Sunday, December 04, 2016

Nazi gates in Norway, Wu-Tang's strife and MLB fights tweakers


- And yet there will still be cheaters because there’s lots of money to be earned. It’s good that Major League Baseball is increasing penalties for using banned stimulants and is adding more random drug tests, but until a first positive PED test results in a lifetime ban and immediate forfeiture of any money owed under a player’s contract, guys will continue to cheat because they can make a lot of money by doing so. Under the terms of a change to the sport's drug agreement, the suspension for a second stimulant violation goes up from 25 to 50 games, while a third violation would result in a 100-game penalty, up from 80. The penalty for a first stimulant violation remains follow-up testing and the discipline for a fourth stays at up to a permanent suspension, with the first-offense penalty the glaring weak link in this armor. MLB did conduct 8,281 drug tests -- 6,634 urine and 1,647 blood -- in the year ending with this season's World Series, up 123 from the previous season and 352 from two seasons ago. With this new rule, random urine tests will increase from 3,200 to 4,800 in season and from 350 to 1,550 during the offseason, ensuring at least one offseason test for all 40-man roster players, while random blood tests rise from 260 to 500 in season and from 140 to 400 in the offseason. Dr. Jeffrey M. Anderson, the program's independent program administrator, issued his annual report this week, with 105 theraputic use exemptions for Attention Deficit Hyperactivity Disorder and one exemption each for hypertension and hypercalciuria (calcium in urine) issued. In other words, best of luck to all of the cheaters out there in MLB working to scam the system this offseason……….

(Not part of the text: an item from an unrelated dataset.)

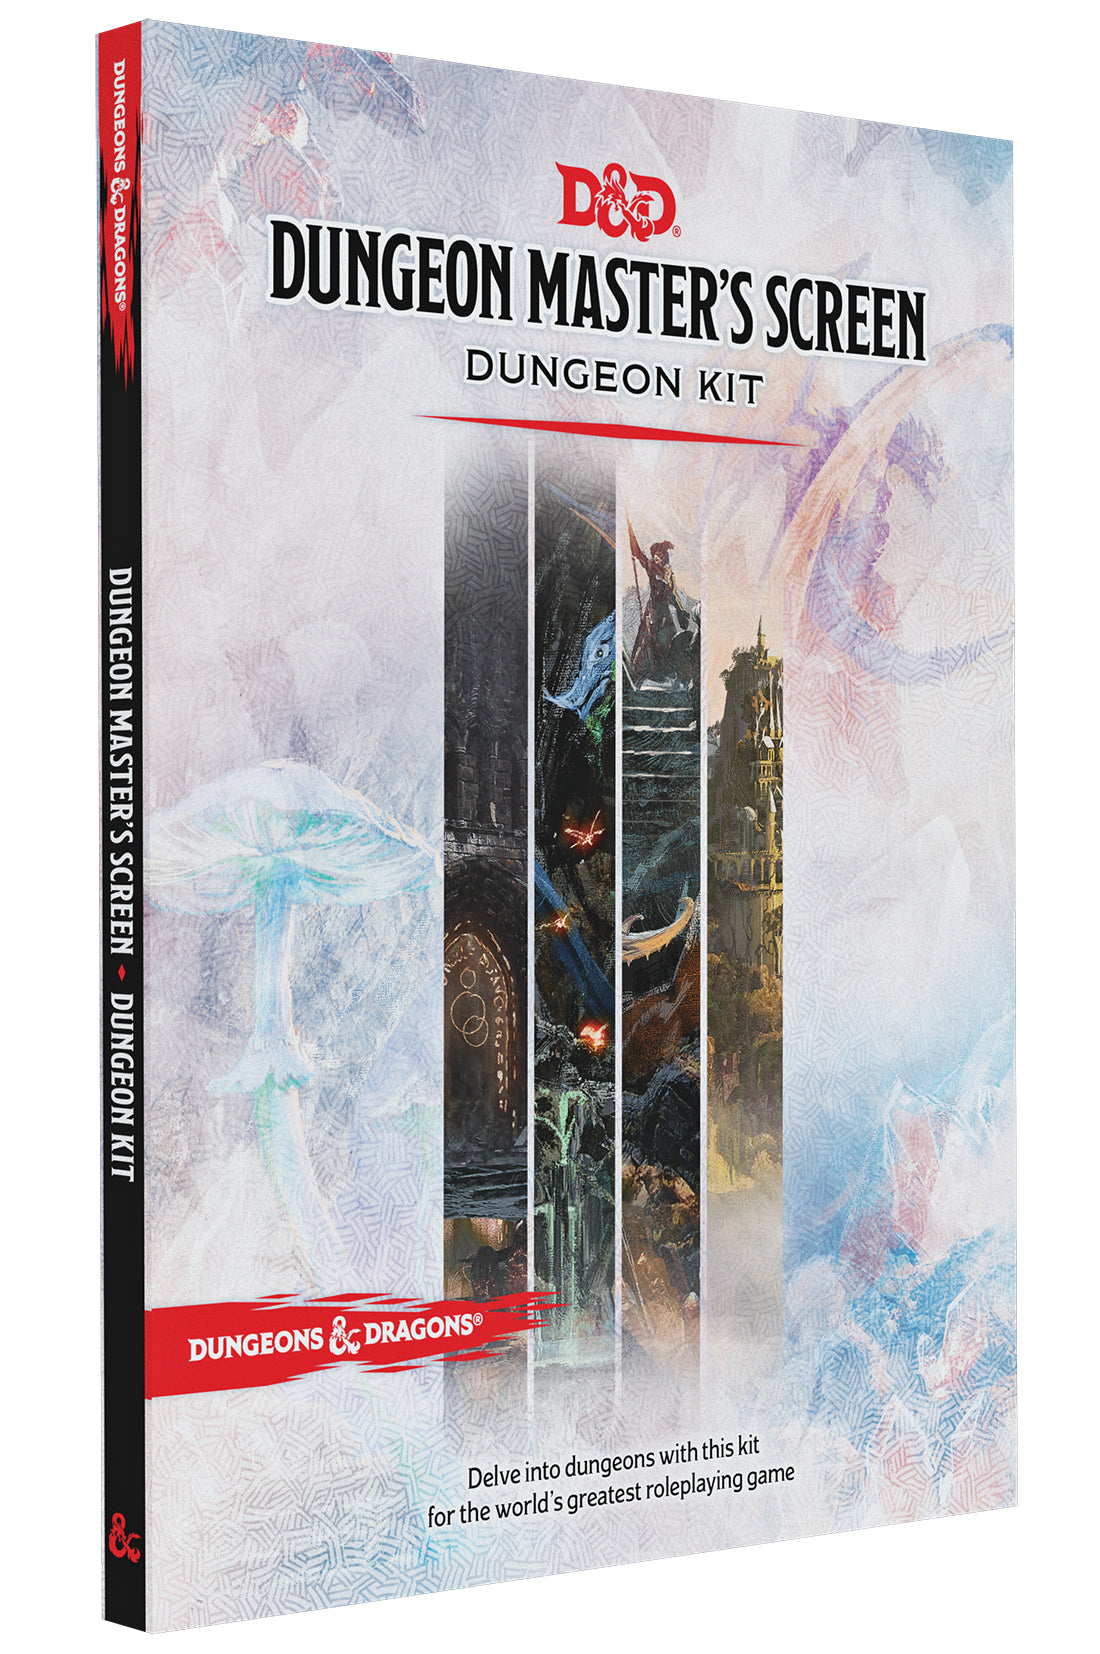 Dungeon Master's Screen: Dungeon Kit
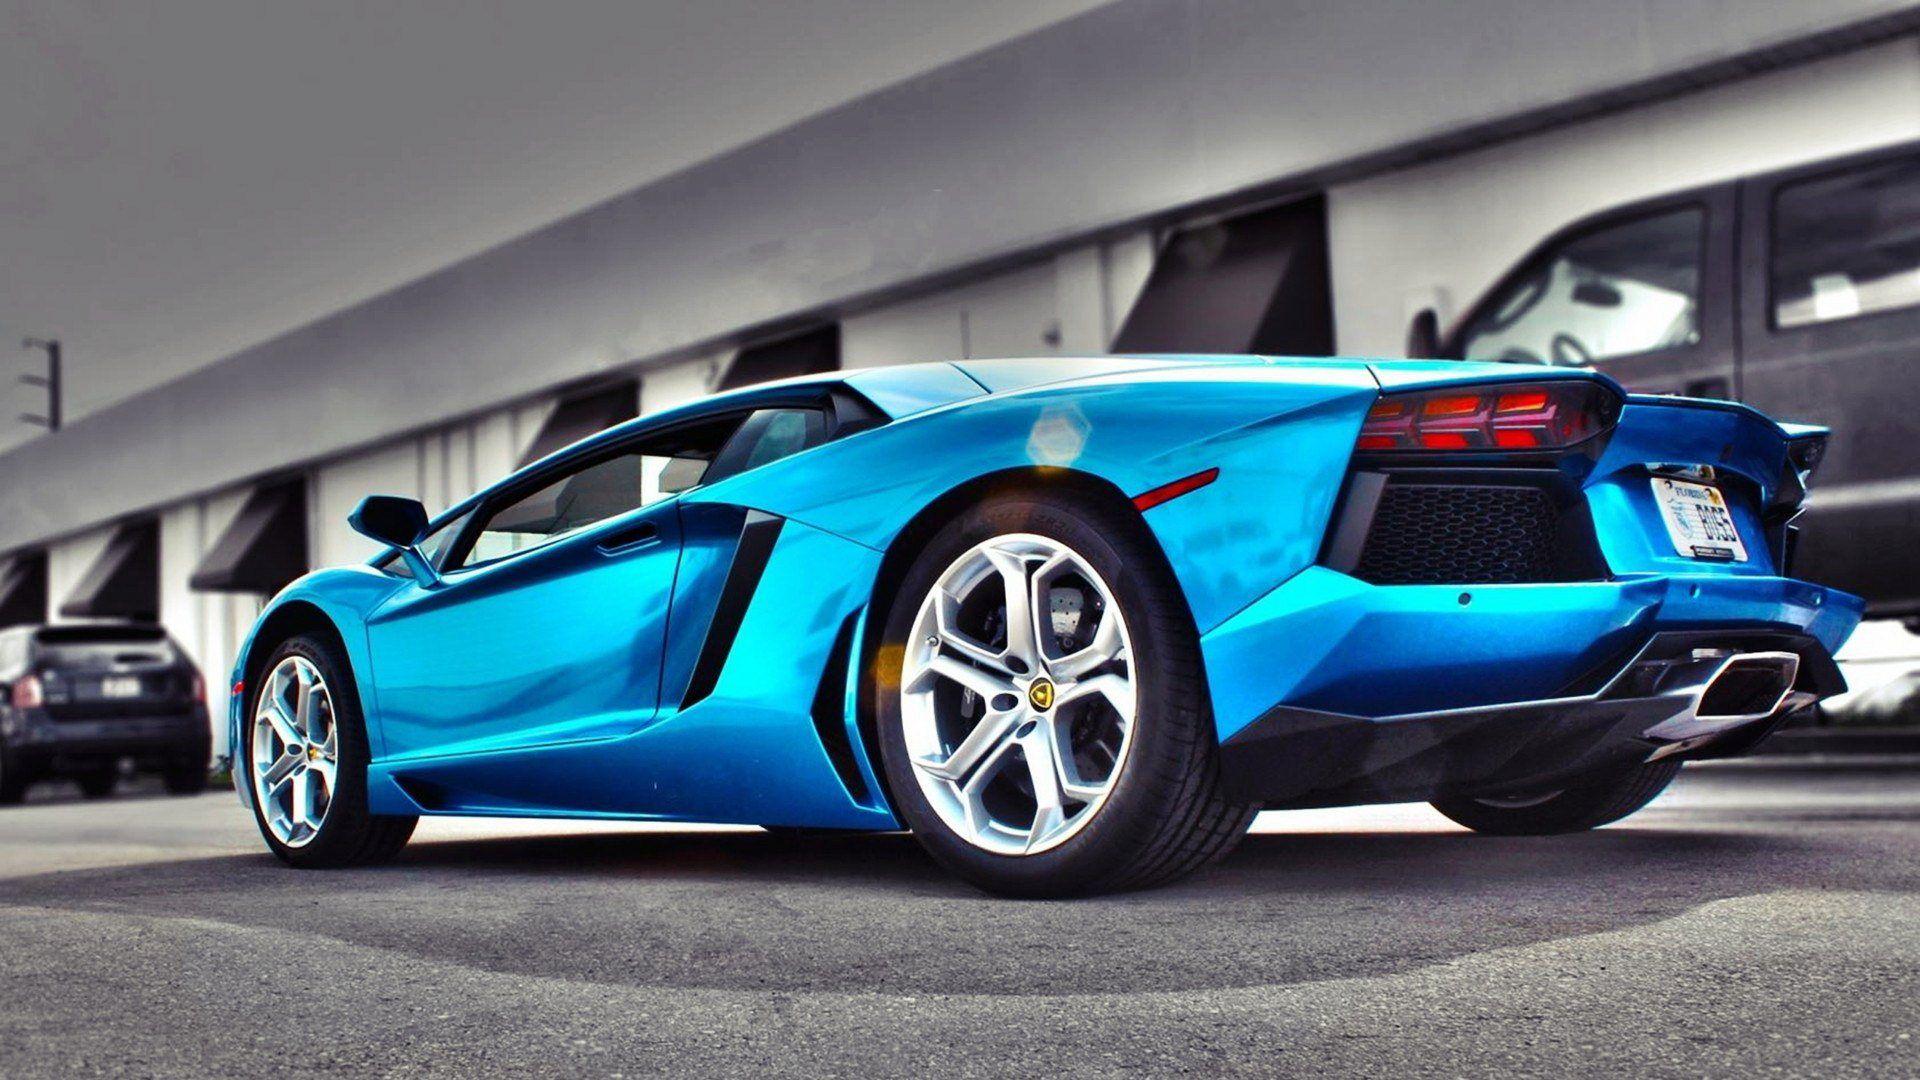 Blue Lamborghini Wallpaper Background. Vehicles Wallpaper

- If you can’t make real news by arresting real criminals, then why not make it up, eh Santa Maria Police Department? The SMPD is taking all kinds of heat after Chief Ralph Martin decided to throw a plot twist in his department’s war against local gangs by issuing a fake press release reporting the arrest of two gang members as a ruse to mislead rivals who planned to kill them. The fake news release infuriated some local news outlets, who worried that reporting bogus news fed to them directly by the local police would undermine their credibility with their respective audiences. Those outfits are already fighting a losing battle against the proliferation of fake news on social media and elsewhere, so taking on the long arm of the law only deepens that struggle. That argument didn’t faze Santa Maria Police Chief Ralph Martin, who argued that his approach saved two lives and helped extend an investigation that took down 17 gang members for 10 slayings and plots to kill eight others, including the two men placed in protective custody and used as theoretical bait. Of course, the next time his department sends out a news release that demands immediate action by news organizations in order to relay an important message to the public and those news organizations ignore it, Martin may regret his tactics, but for now, he can revel in the temporary high of getting over on a local gang that now knows it can’t actually believe anything that comes out of his mouth…….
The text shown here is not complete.